Regardless of which periodisation model you use, consistent footwear across training phases is important for technique development:

  • Hypertrophy phases (higher reps, moderate weight): Weightlifting shoes recommended for squat-focused sessions — consistent heel elevation supports technique across all rep ranges.
  • Strength phases (lower reps, heavier weight): Same footwear as hypertrophy phase. Switching shoes between phases disrupts technique.
  • Peaking phases (near-maximal weights): Use the exact shoes you will compete in. Peaking is not the time to experiment with footwear.
  • Deadlift across all phases: Flat shoes or deadlift slippers regardless of periodisation model.

See our Best Squat Shoes 2026 — USA guide for recommendations at every price point.


🎯 The Verdict — Which Should You Use?

Use Linear Periodisation if: You are a beginner or early intermediate.
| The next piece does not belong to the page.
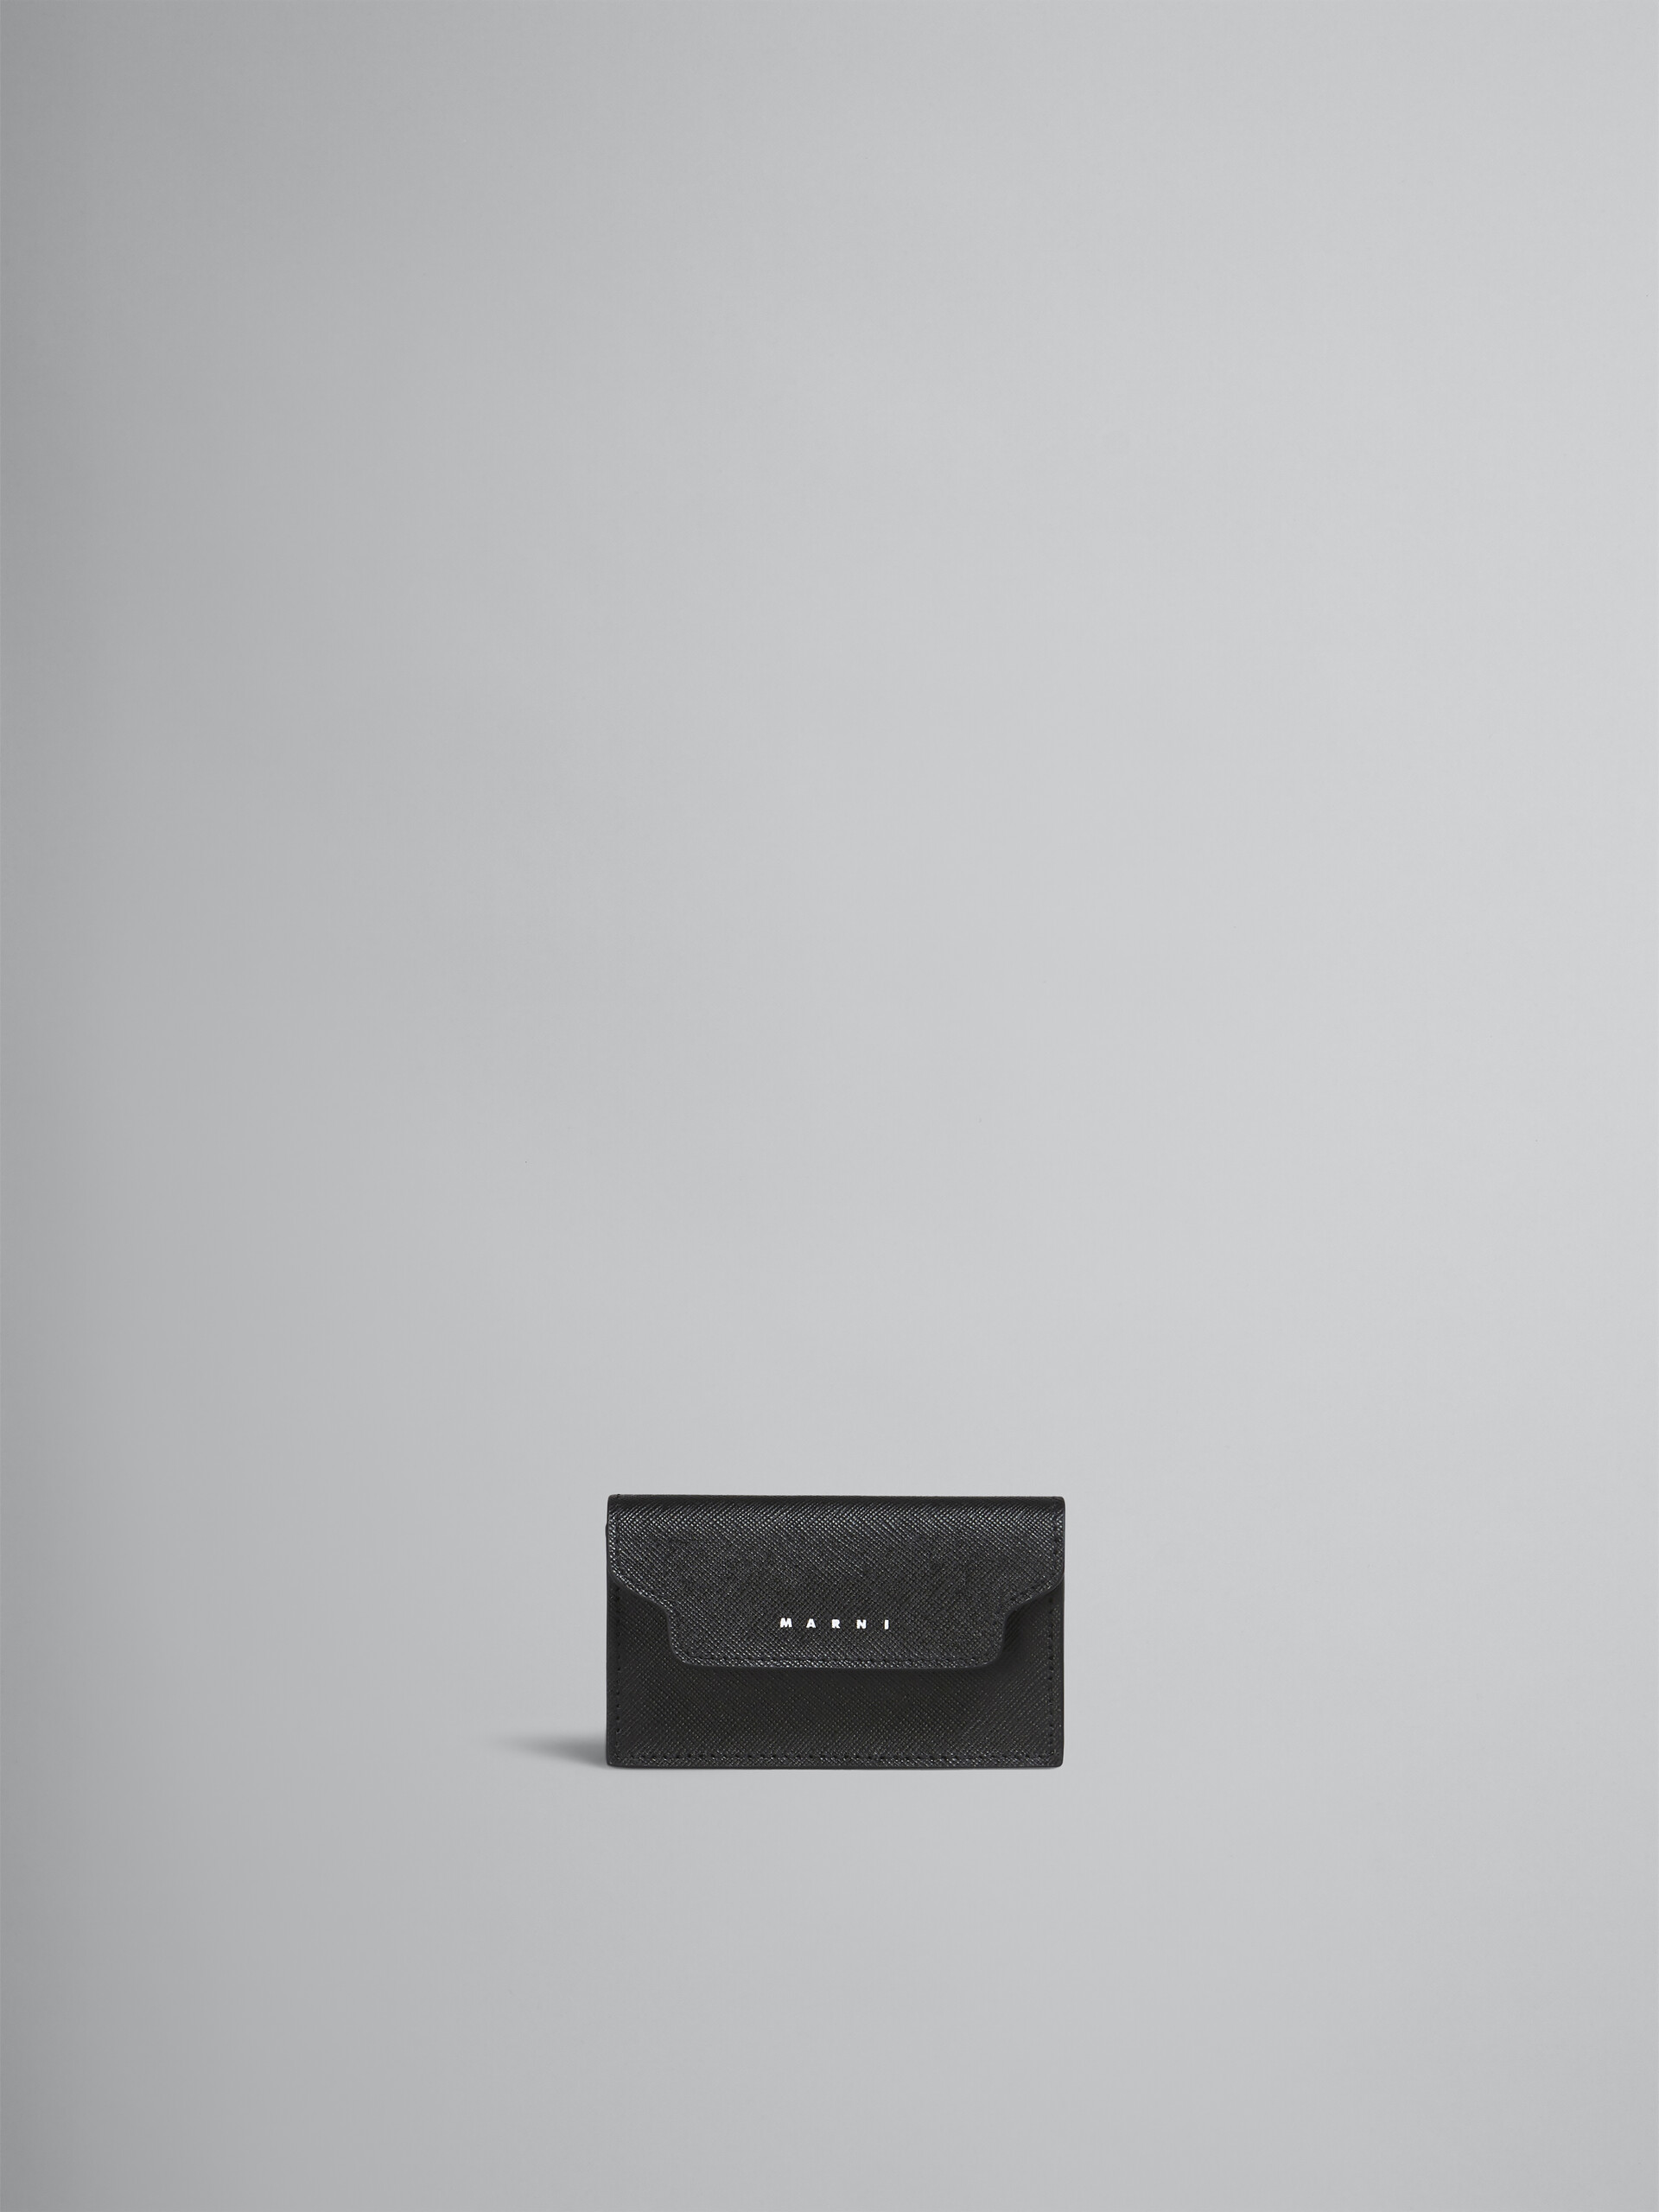 サフィアーノカーフスキン ビジネスカードホルダー ブラック - 財布 - Image 1

LP is simpler to execute and sufficient for driving adaptation at this stage. Starting Strength, StrongLifts, and basic peaking programmes are LP-based.

Use Daily Undulating Periodisation if: You are an intermediate or advanced lifter who has stalled on LP. DUP produces superior strength gains in trained individuals and prevents accommodation more effectively. nSuns, custom DUP programmes, and many advanced templates use this model.

The research is clear: both models beat no periodisation. For most lifters, the progression is LP (beginner) → weekly undulation (early intermediate, e.g., Texas Method) → DUP (intermediate–advanced).


FAQ

Is 5/3/1 linear or undulating periodisation?
5/3/1 uses monthly linear waves — intensity increases across the 3-week wave (5s, 3s, 1s week) before resetting. It’s a hybrid that sits between classic LP and DUP.

Can I combine LP and DUP?
Yes — many advanced programmes use block periodisation, which combines LP phases (hypertrophy block, strength block, peaking block) with DUP within each block. Sheiko is an example of this approach.

Which is better for powerlifting competition?
DUP-based programmes are generally superior for intermediate and advanced powerlifters. However, a competition peaking block (which is LP-based) is typically used in the final 8–12 weeks before a meet regardless of the base programme.